ケイ、パメラ、アニータ、ミルコが小太刀を見ていた。

「じっくりと見て決めなければな!」

ニオがYシャツにサングラス姿でカウンターから言ってくる。

「小太刀かぁ。

 この間、王都に予備を送ったから在庫を増やしておいたから、足らないという事はないので、良かったけど・・・

 仁王様、小太刀って使い勝手はどうなんですか?」

窓際に居てお茶を飲んでいる鈴音が聞いてくる。

「ふむ、ロングソードとショートソードという区分けで考えるのなら、ショートソードに属するか。

 そもそも小太刀は日本刀だからなぁ。

 剣術的にも今とは違うだろうが・・・まぁ、標準の兵士達が使うのよりかは短いのは確かだから、威力としては劣るし、敵との間合いが近くなるから不利にはなるな。

 だが、短いが故に取り扱いが若干早く出来る。」

ニオが言う。

「・・・うーん・・・悪い事の方が多い感じですか?」

「なんとも言えないな。

 小太刀だから負けるという事ではない。

 乱戦とかになって敵に囲まれた状態なら、相手に与える傷の深さよりも取り回しが良い方が状況が良くなる事もあるだろう。

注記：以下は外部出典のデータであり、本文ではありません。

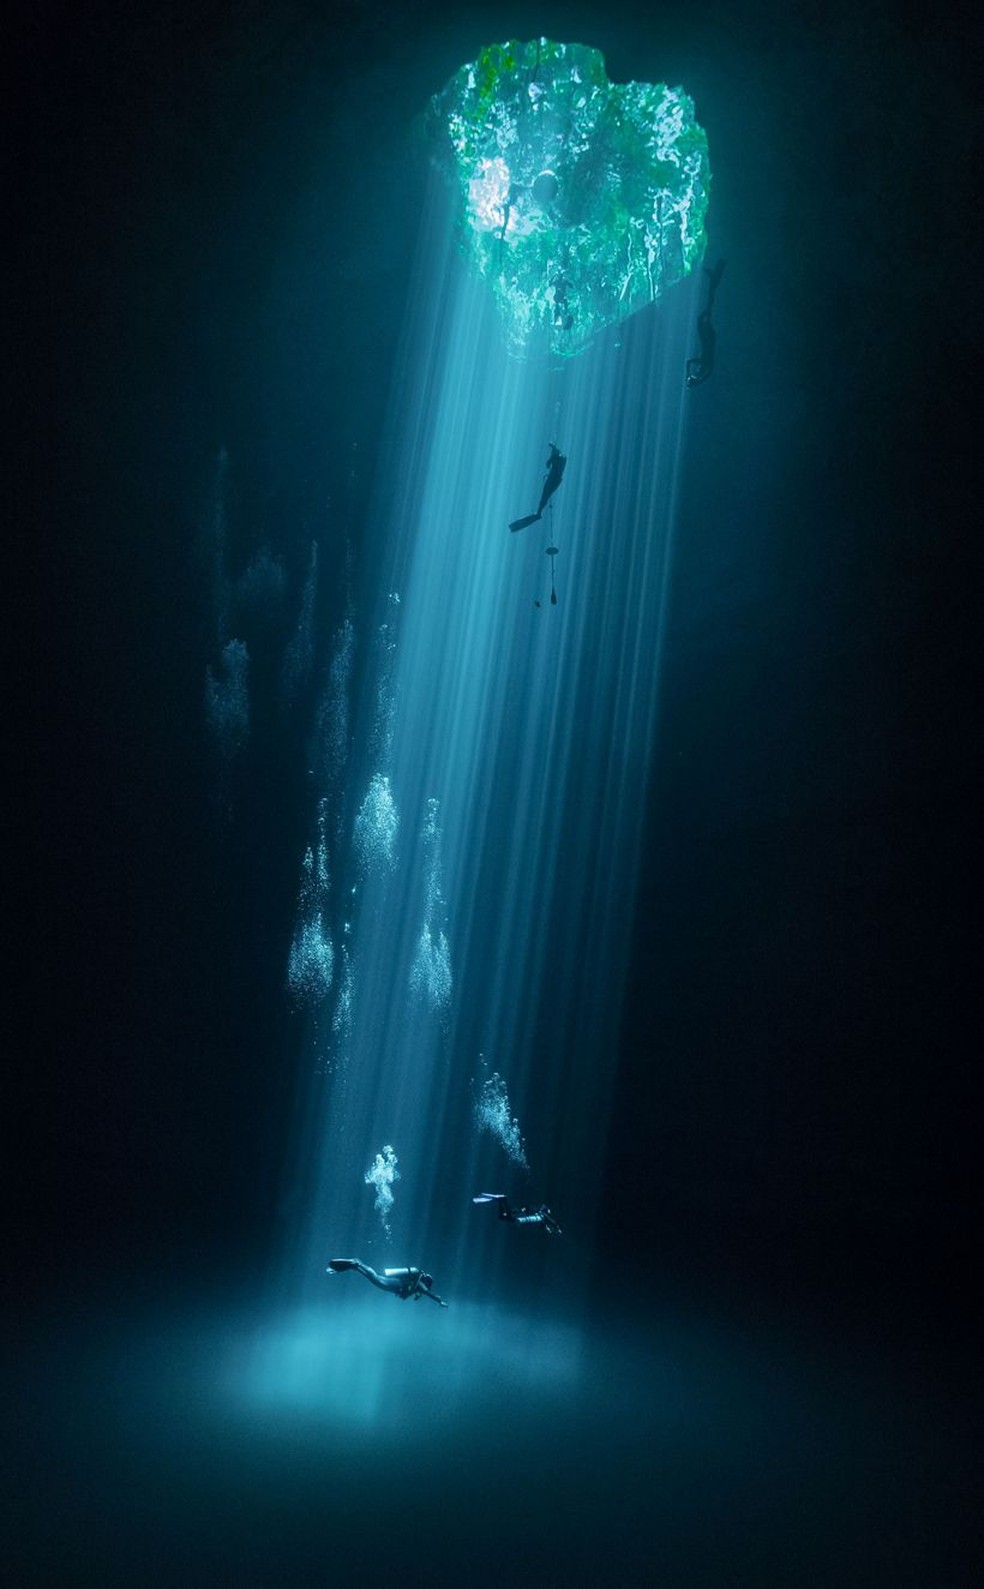 Mergulhadores em uma massa de água doce conhecida no México como Cenotes. — Foto: Joram Mennes / TNC Photo Contest 2021

 要はどういう戦場に行くのか、どう動くのかを考えて、装備を決めなければならないという事だ。」

「・・・うーん・・・慣例の戦争の報告書を見ましたけど・・・どっちが良いのか全くわかりません。」

「まぁ、スズネは戦場に出る事はないからな。

 だが、戦場に行った者達がこうやって小太刀を見て悩むという事は、小太刀を装備する事に利点があると認識しているという事だ。」

「・・・まぁ、そうですね。

 戦場を生き残れれば一番ですけど、使い勝手が良くて、威力がある物を考えないといけないですね。」

鈴音が言う。

「うむ、それがタケオの研究所の役目だろう。

 とはいえ、スズネが今している事も領内の経済に寄与し、巡り巡って兵士達の給与にも反映される。

 疎かには出来ないな。」

「そうですね、頑張ります。」

鈴音が頷く。

「で・・・買うのか?」

ニオがケイ達に聞く。

「報奨金が出ましたので・・・装備の1つに小太刀も良いなぁと。」

「この間の戦争では、携帯性も必要だとわかったので、こっちの方も良いなぁと。」

「ジーナ殿が王都で小太刀を習っていると聞いたので、ジーナ殿が帰って来れば習えるかなぁと。」

「僕達は威力より取り扱いのし易さだと思うんです。」

4人が言ってくる。

「小太刀はそこまで高くないが、ゆっくり悩むしかないか・・・うん?」

ニオが何かに気が付き商店の扉を見ると。

「失礼します。」

「こ、こんにちは。」

マイヤーと娘のエルザが入って来る。

「「「「マイヤー殿!?」」」」

ケイ達が姿勢を正す。

「うん?ケード達が居たか。

 買い物か?」

「はい!小太刀に兵装を変えようか皆で考えていて。」

「うむ・・・今回の戦役で感じる物があったという事か。

 確か、所長からジーナ殿が王都(向こう)で指導員の免状を貰ったと言っていたか。

 習いたいなら習う事も可能だな。

 ま、基本の訓練はして貰うが。」

ケイの言葉にマイヤーが頷く。

「マイヤー殿は今日は?」

パメラが聞いてくる。

「娘が来年12歳だ。

 王立学院か魔法師専門学院には入れてあげたいが・・・ま、それは再来年の魔力量等の計測をしてから考えれば良い。

 今は体力作りをしないとな。

 で、木剣か木刀を買おうと思ってな。」

マイヤーが言う。

「・・・木剣ですか?」

「うん・・・走ったり、腕立てだけだと飽きるだろう?

 なので、それに加えて木剣を振るのも日課にすれば、少しは気分転換になるだろう。

 それに休みの日ぐらいしかみてやれないからな、毎日振っているかはその際にわかるし。」

「え?お父さん、わかるの?」

エルザがマイヤーに聞く。

「わかるな。

 走りや腕立て等は他者からは、あまりわからんが、こと剣に関してはわかる。

 1日振るのを止めると、3日分退化すると言われている。」

「うへぇ、そうなんだ。

 ・・・出来るかな。」

「出来るようになれば、少しずつ上達する物だ。

 まぁ、王立学院、魔法師専門学院、双方に行かないという事も選択肢としてあるが、職業も体力が必要だ。

 やっておいて損はないだろう。」

「はーい。」

マイヤーの言葉にエルザが頷く。


「うん?・・・ケイちゃん、どうしたの?」

パメラがケイが考えているのを見て聞く。

「いや・・・お父さん、亡くなっているから弟がしっかりとした剣技教わっていないな・・・と。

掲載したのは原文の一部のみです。